By Denise N. Maloof, CNN/SI

TAMPA, Fla. -- Smack in the middle of Saturday's Heroes of Hockey Old-Timers' Game was a hero of another kind -- U.S. women's Olympic gold medalist Cammi Granato.

Invited to play with the Sunbelt Heroes against the NHL Heroes during the NHL's 49th All-Star Weekend, Granato found herself skating among the Howe family -- "Mr. Hockey" Gordie, and sons Mark and Marty -- and exchanging passes with former Tampa Bay coach Terry Crisp.

"I was skating around out there the whole time just smiling," Granato said. "I kept saying, 'You are so lucky, you are so lucky.' "

She was a hit, too, with her teammates, and the Ice Palace crowd, which roared as loudly for her as it did for NHL luminaries like Rod Gilbert and Daryl Sittler. Granato joined in on the game's traditional Harlem Globetrotter-ish hi-jinks, and even scored on NHL Heroes goalie Darren Pang -- albeit in television cahoots.

"We were both wearing microphones so we could hear each other talk," Granato said. "And he saved on me twice, and I said if I don't score, I won't sleep tonight.
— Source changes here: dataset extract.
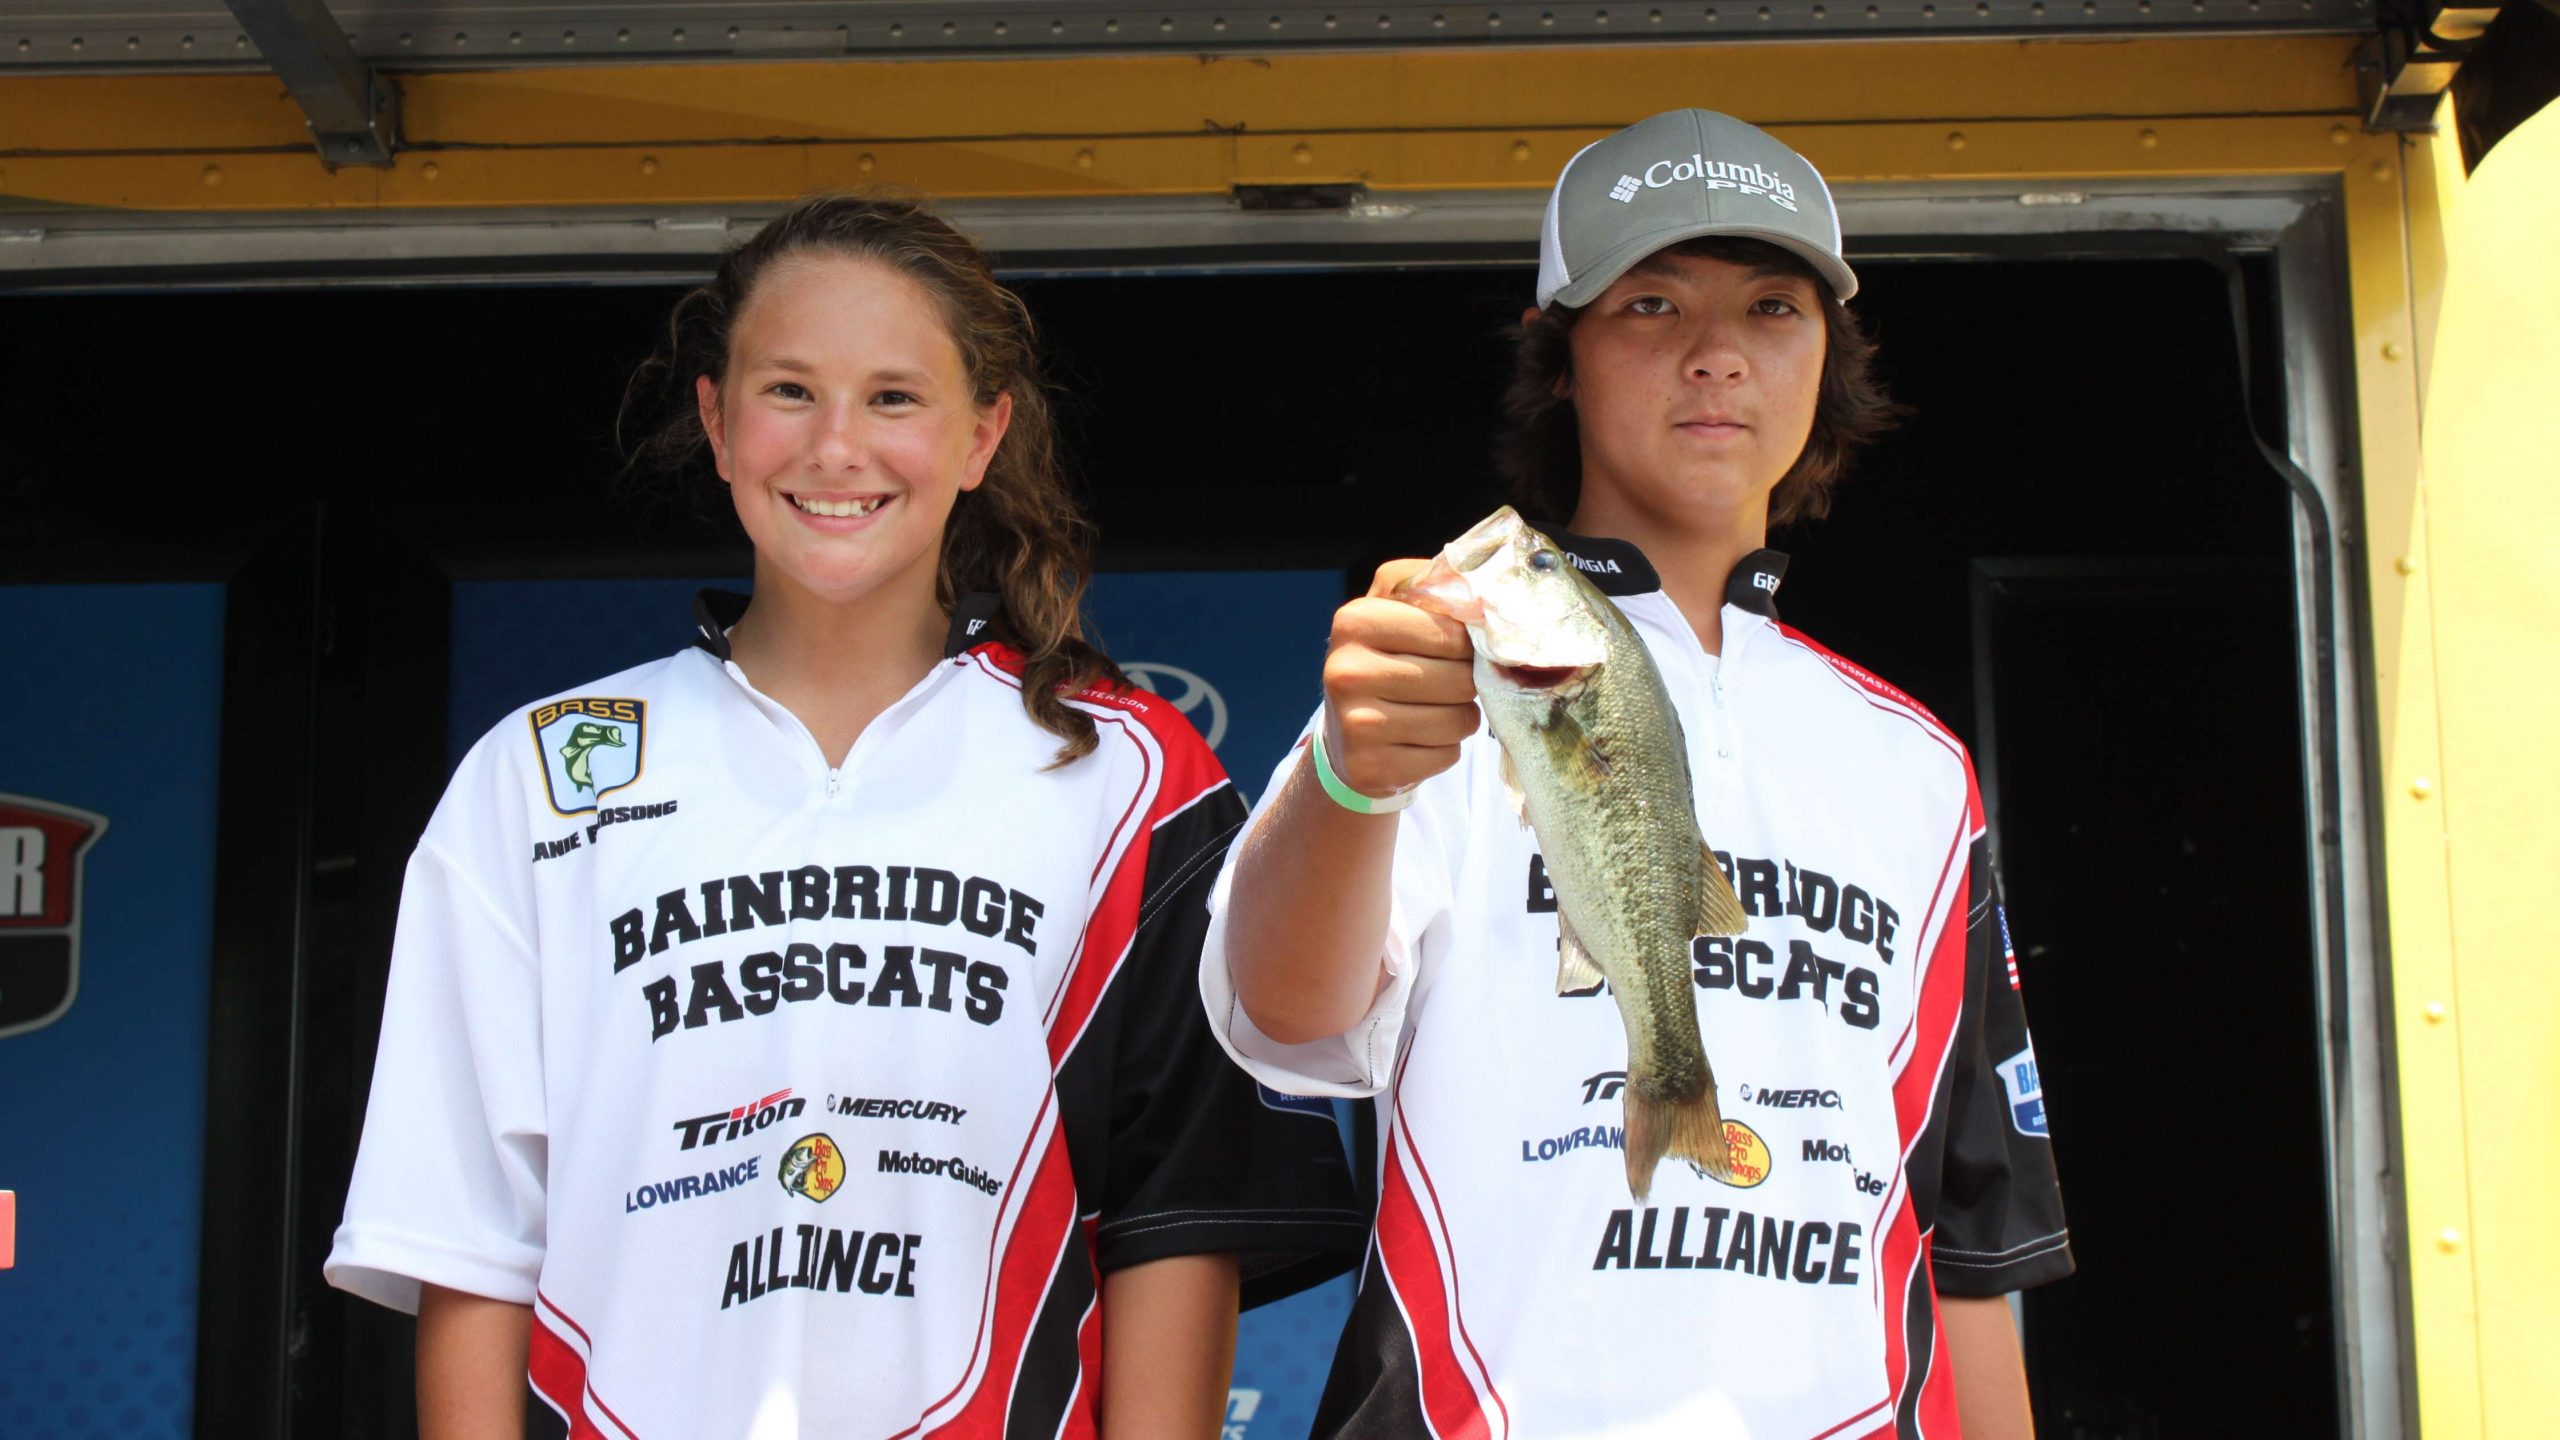 Lanie Birdsong and Hunter Davis of Team Georgia finished 29th with a 1-4 total.

And then of course I scored."

The invitation to participate in the NHL's All-Star Saturday celebration demonstrates how far Granato in particular, and women's hockey in general, has come since the U.S. triumph in February 1998 in Nagano. As the women's team captain, Granato remains its most enduring symbol. Doubters should open the February issue of Better Homes & Gardens, if they require proof. They'll see Granato in four-color commercial splendor, just inside the cover.

"Oh, the Chevrolet ad," she said, almost self-conscious.

It likely doesn't hurt to have a brother who's still an active NHL player -- Tony, who's with the San Jose Sharks. But the year-long publicity boom is of Cammi and her Olympic teammates' making. She even had her own Ice Palace dressing room Saturday night, identifiable in NHL signage around the corner from the North American All-Stars.

"She can play," said former NHL standout Dave Maloney, who participated on the Sunbelt Heroes team. "That's the thing."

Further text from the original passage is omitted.